# updating 45 gal tank...help



## AnitaB (Apr 26, 2008)

Hello all, been lurking for some time now, and well, now I have a question that I hope ya'll can help with..


Now............


...45 gal
fish only
crushed coral (large)
2 bulb coral life fixture 100000K abd bkue bulbs (came with) not HO.
magnum 350 with bio
 heater
2 Kordona (sp) power heads



Plan to.....


same 45 gal
switch to sand (sea flor carib)
magnum350 with bio wheels
lighting T5 HO looking at 4 bulb ATM
adding live rock
hope to add some corals in the future (easy to keep and lower light critters)
2 power heads Koronia (sp) I believe they are the #3's
skimmer
heater



First off ,the tank is about 20 years old and I only have 2 fish in it right now. I'm looking to get a couple of damsels this week tho. I did gradually switch from crushed coral to sand, now I have about an inch of sandbed. 

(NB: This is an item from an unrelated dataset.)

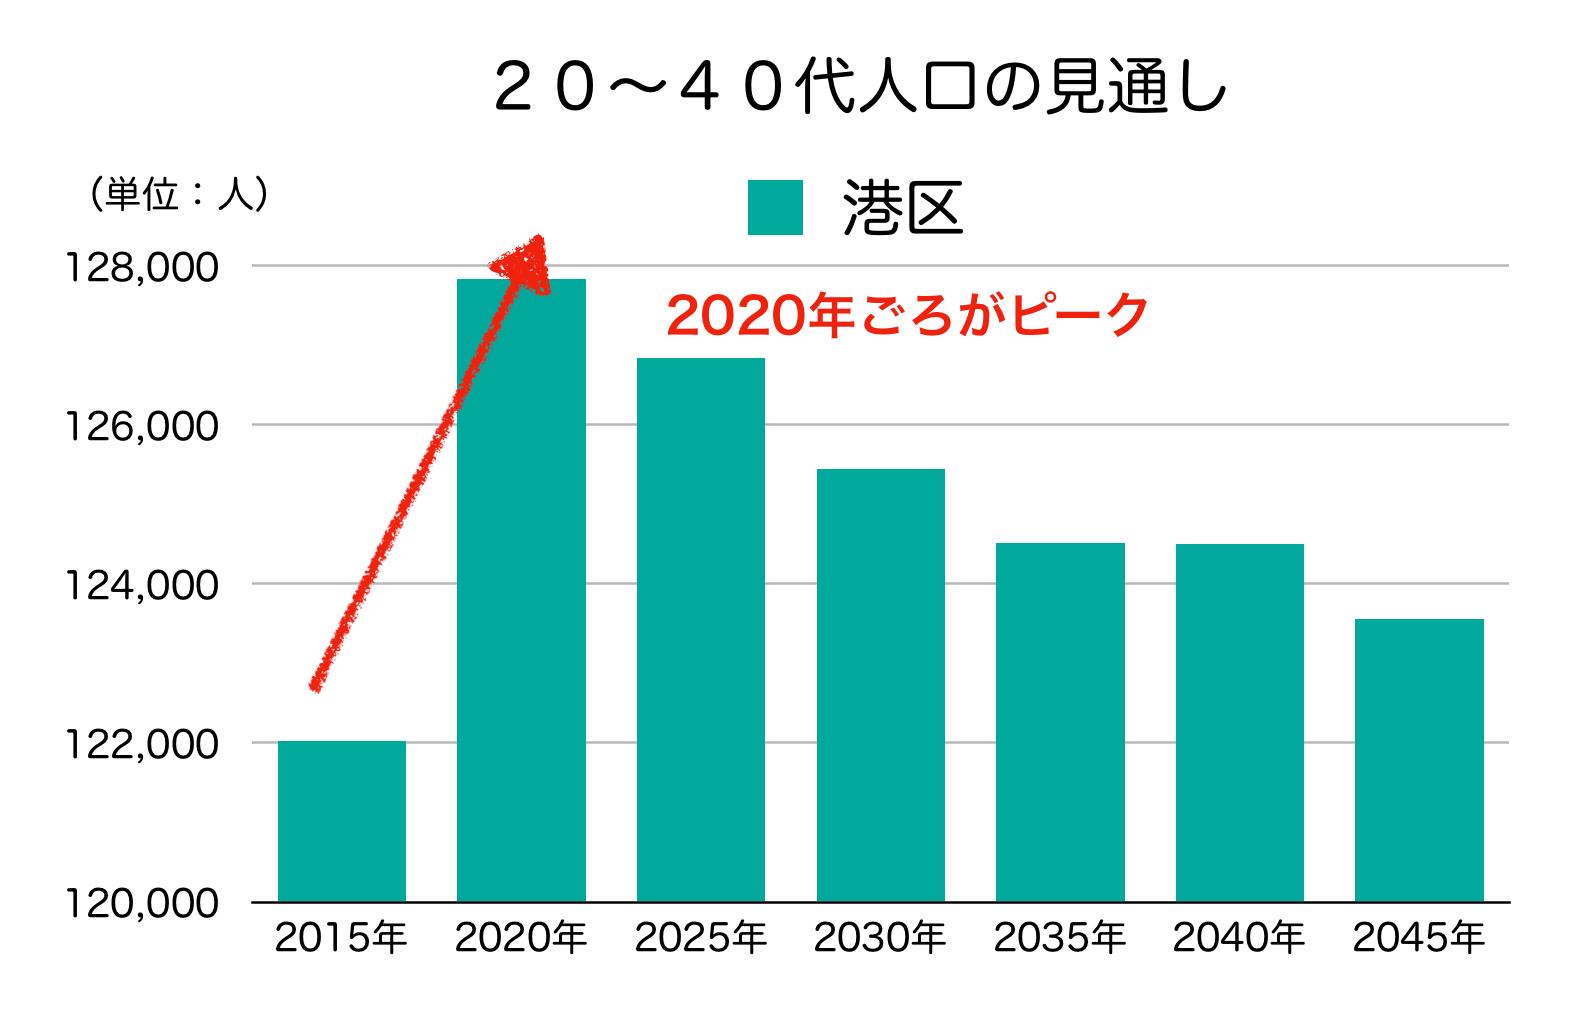 港区の20〜40代人口の予測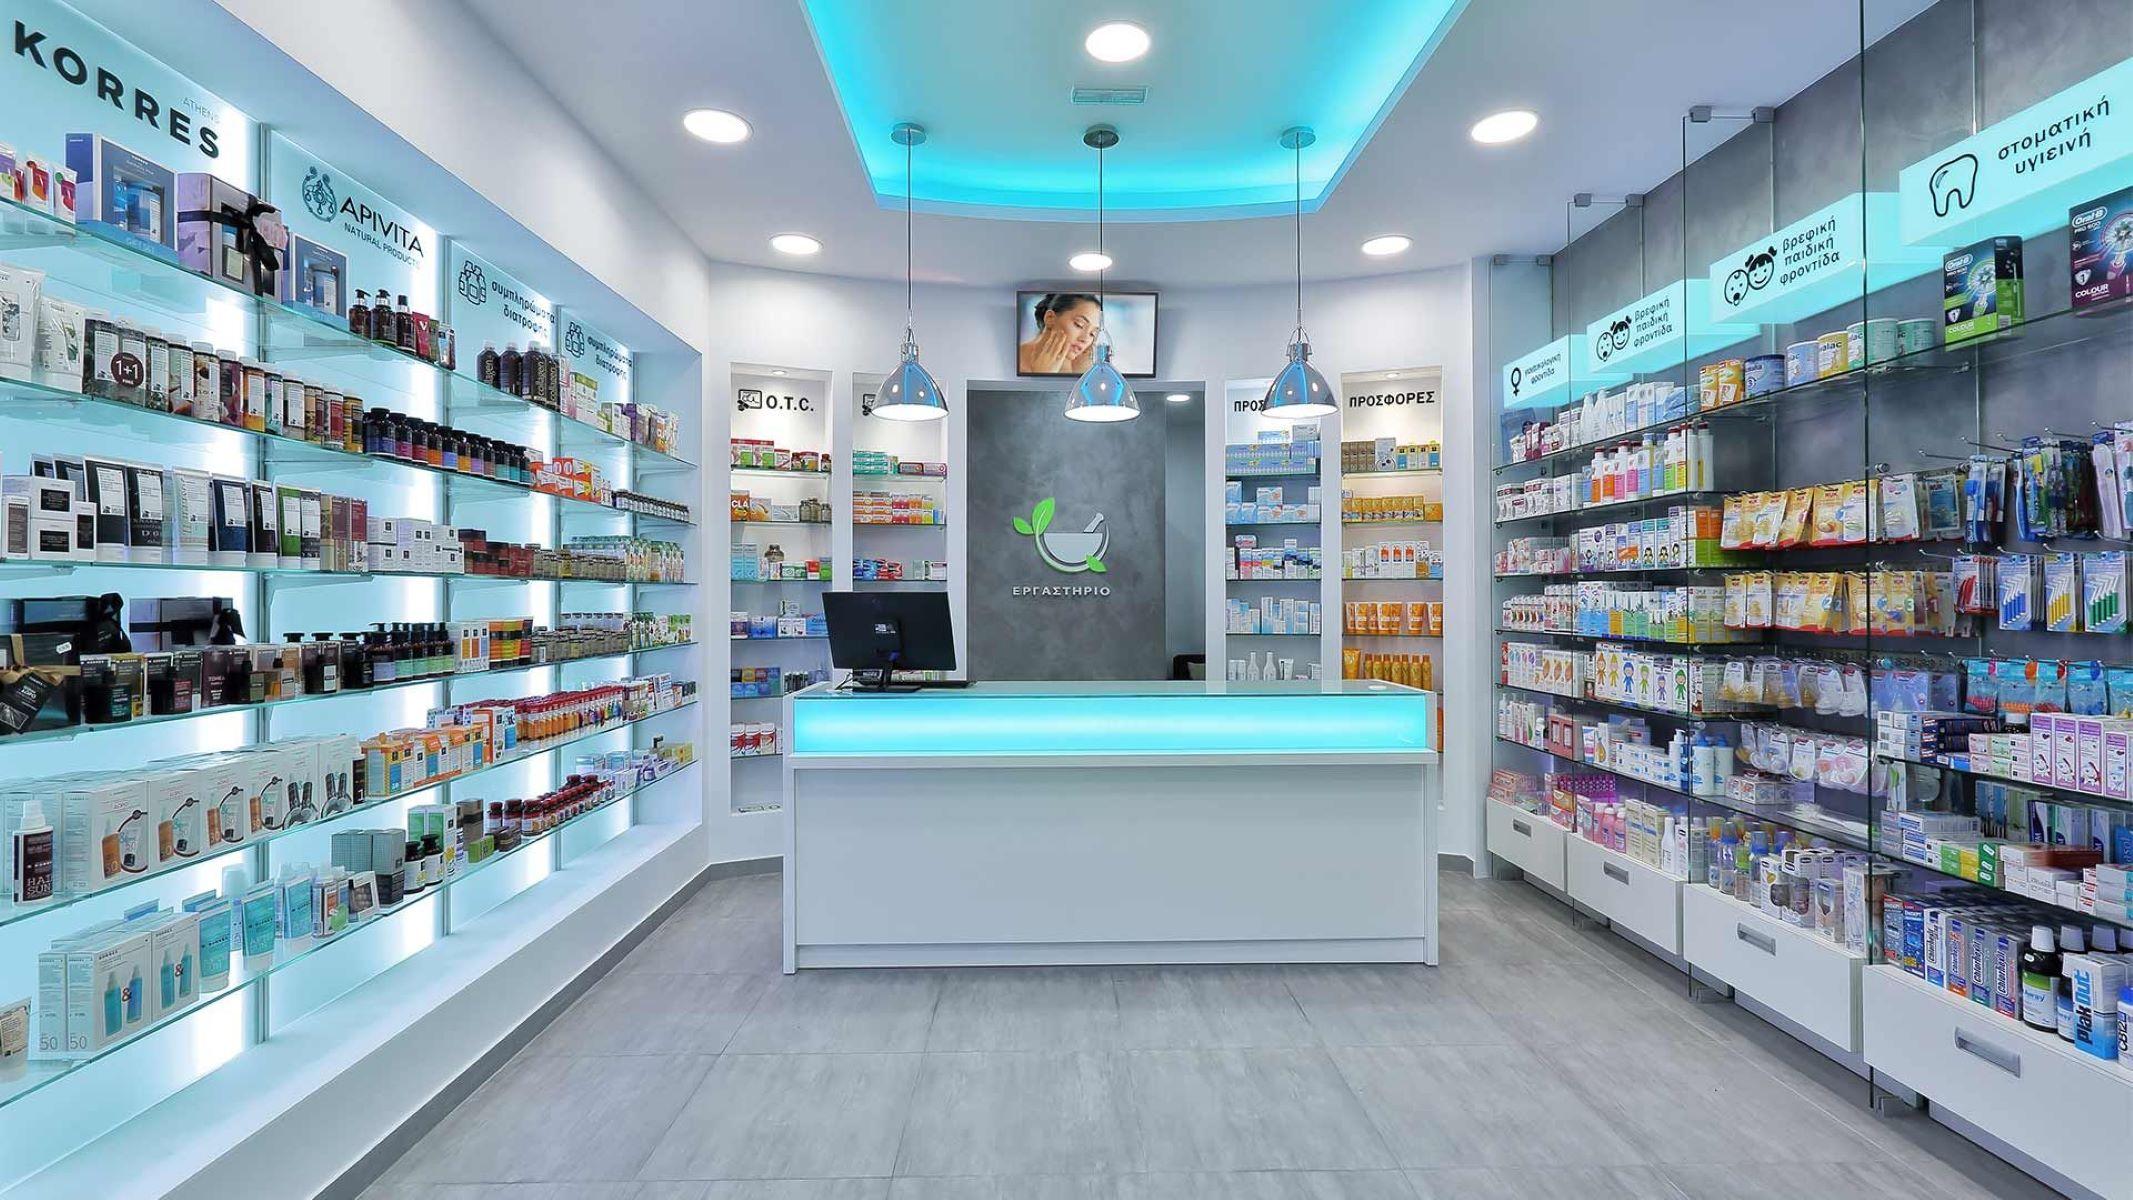 ΠΦΣ: Προτάσεις στον Υπουργό Υγείας για την διάθεση διαγνωστικών τεστ

Should I update the lighting or add the live rock first? I do plan on adding the live rock gradually,(about 2 months) just not sure how much light the live rock needs. 

Should I get some snail and sand critters now or wait till there is more algae ?I do have a brittle star but doesn't seen to move much ,any other suggestions would be greatly appreciated..


----------



## outpost (Mar 30, 2010)

Definately add the the live rock before upgrading the lights. I would wait to add the damsels till after all the live rock is in. With about 5 watts per gallon of light you can keep more than "easy" corals. Also add you CUC (clean up crew) when you get your diatom bmoom. I'm not sure how much of a bloom you will get if you add the live rock slowly though. Some people cycle their tank with fish in it. Depending on what fish you have in there right now you may just want to add all of the rock at once. If you get fully cured live Rick you won't have much of a cycle at all and it would be ok to add it all at once. You could probably get your clean up crew at the same time as the cured live rock. Your live rock will be fine with a regular strip light on it.
_Posted via Mobile Device_


----------



## AnitaB (Apr 26, 2008)

Thanks Outpost, I like the idea of adding all the rock at once. 
One more Question.... Is there anything special I should be testing for??


----------



## outpost (Mar 30, 2010)

AnitaB said:


> Thanks Outpost, I like the idea of adding all the rock at once.
> One more Question.... Is there anything special I should be testing for??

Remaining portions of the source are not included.